Friday, November 07, 2008

Eeeeeewwwwwwww

I am not one to air my dirty laundry in public. I much prefer writing about happy happenings, goings on, and other such trifles. Today however, I am going to air my laundry in the hypothetical sense of course. (or maybe not, you be the judge)

Yesterday was a day fulled with wonder and excitement as well as terror and indignation.

I worked a normal school day which was preceded by a staff meeting. After work I went to Target because I was out of my favorite hair product. I also walked around target for a while and then smelled the Christmas display. Have you ever noticed that every store has a distinct smell to their Christmas display. Target is no exception. I found the Christmas tree that I want (Slim Cashmere Pine) to buy after Christmas when I can get it for cheep as free, and then I went to meet Husband at work.

We had a meeting after his work, to which we were late, which made us late for our next meeting. The evening was all summed up with a late drive home much past 9:00 (when Grandma music over here goes to sleep) to eat dinner. Yes, dinner. At past 9:00

I walked into the kitchen, flipped on the light and screamed at the top of my lungs. Husband who was in the bedroom had the thought, "that was not a spider scream," and came out to see what had happened. I beat him to the hall way.

"There is a dead mouse in the middle of the kitchen floor. I am calling Lenkie RIGHT NOW."

So as Husband went to dispose of the varmint. I called Land Lord L.L. (Literally, but Lenkie for short.)(He does not know that I call him Lenkie so don't tell him.) and informed him of the intruder. He was quick to explain the supposed problem,

"They are coming through the front door when people leave it open." he stated.
"Are you sure they are not living in the walls? Yesterday I heard something that I thought was the wind but it could have been scratching in the walls." I questioned.
"No, that couldn't happen."

Couldn't happen my butt!!! I found a hole in the wall between our kitchen cabinet and the wall that was a brilliant idea in the whole "lets cut the hole for the cabinets larger than it has to be so that we know they will fit" construction of our building. I would rate it right up there with the..."Lets put out some cute little street lights on the walk way that will not work that people will flatten, bash, and use as Frisbee goals on the weekends." line of thinking.

Anyway... after talking with Lenkie, Husband and I went and got 17,000 sticky traps at WM and set them out. We finally ate dinner, and then we tried to go to sleep. It was difficult to sleep when every other 5 minutes one of us would violently shudder to think that we are sharing our little abode with who knows how many little friends.

Whoever told that mouse to keel over dead in the middle of the kitchen floor so that we knew there were mice about was a genius.

We are not dirty people. Our food has not been tampered with. We have found no evidences of mice anywhere until the kitchen corps. Why the hecks do I have to deal with this right now?

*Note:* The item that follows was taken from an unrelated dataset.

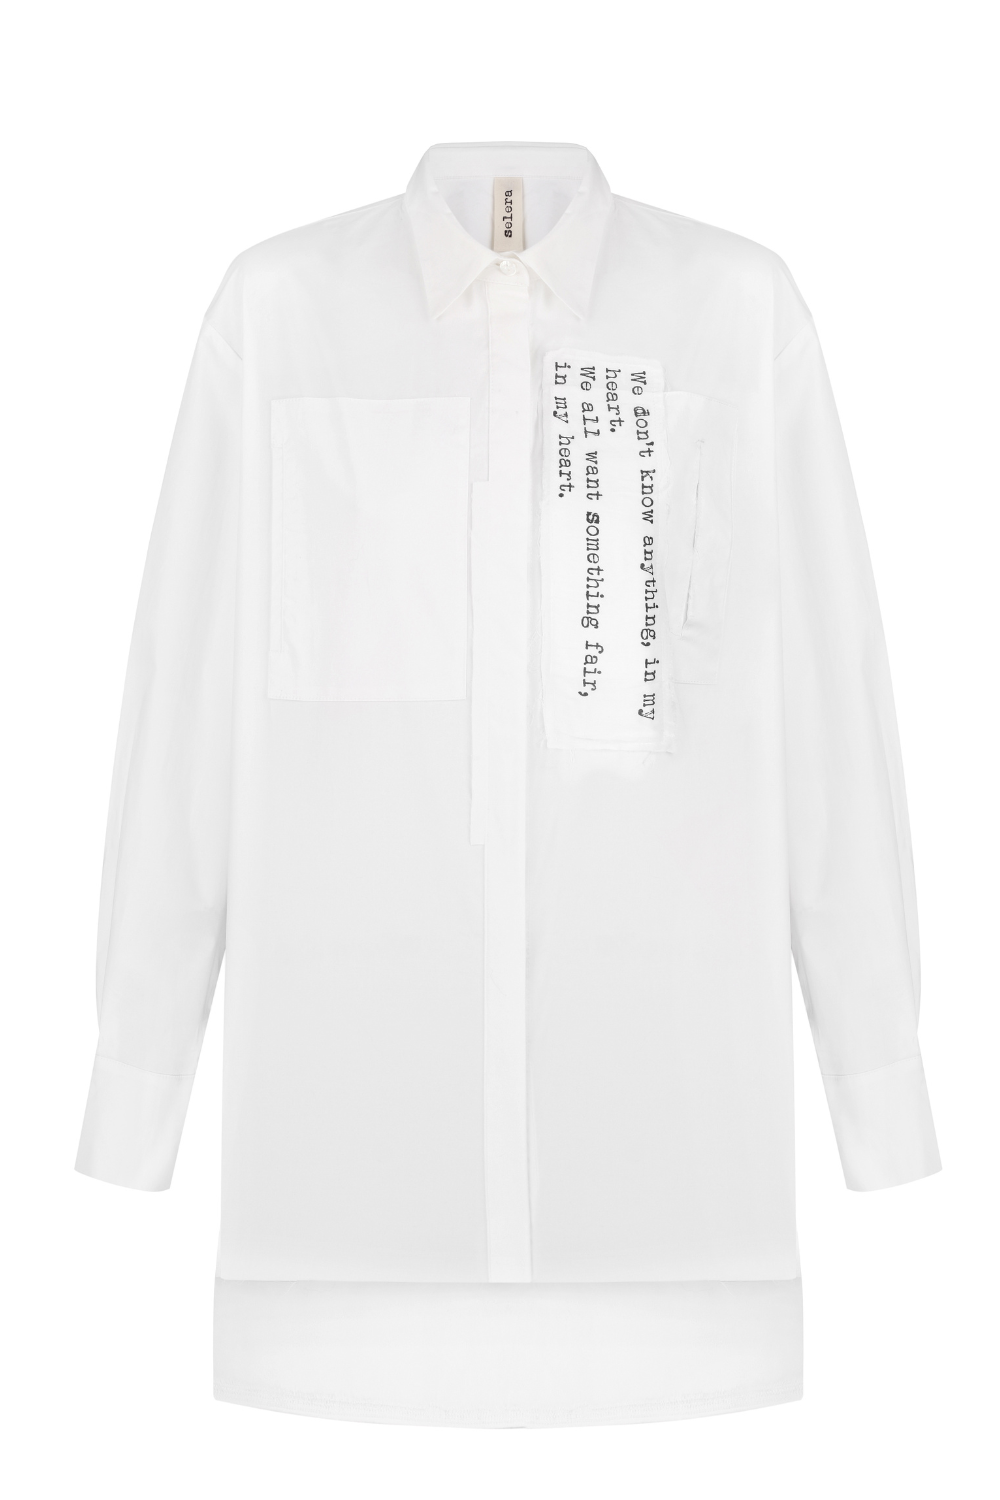 Cotton shirt with lettering (SELERA) SLR_FW23_5_

I'll tell you why... because when it isn't a sprained ankle or the flue, something has to happen to make things exciting.

2 comments:

none said...

1) i had/have the same problem, but i'm messier than you, so it might (in theory) be my own dang fault. except, i checked/cleaned out every square inch of my apartment, and there's nothing for the little buggers to eat or use for nestage. so some other unit in my building is nurturing the vermin.... furiousness @ LL.
2) big, big box 'o poison. i can't stand the idea of glue traps for some reason.
3) your word verification oracle gives me a new idea: boadrop.

Amanda said...

Haha. Remember the night before my wedding when you and Sabrah saw the mice in my kitchen? I'm so glad you waited to tell me! :) DECON - it works wonders. :) Miss you girl!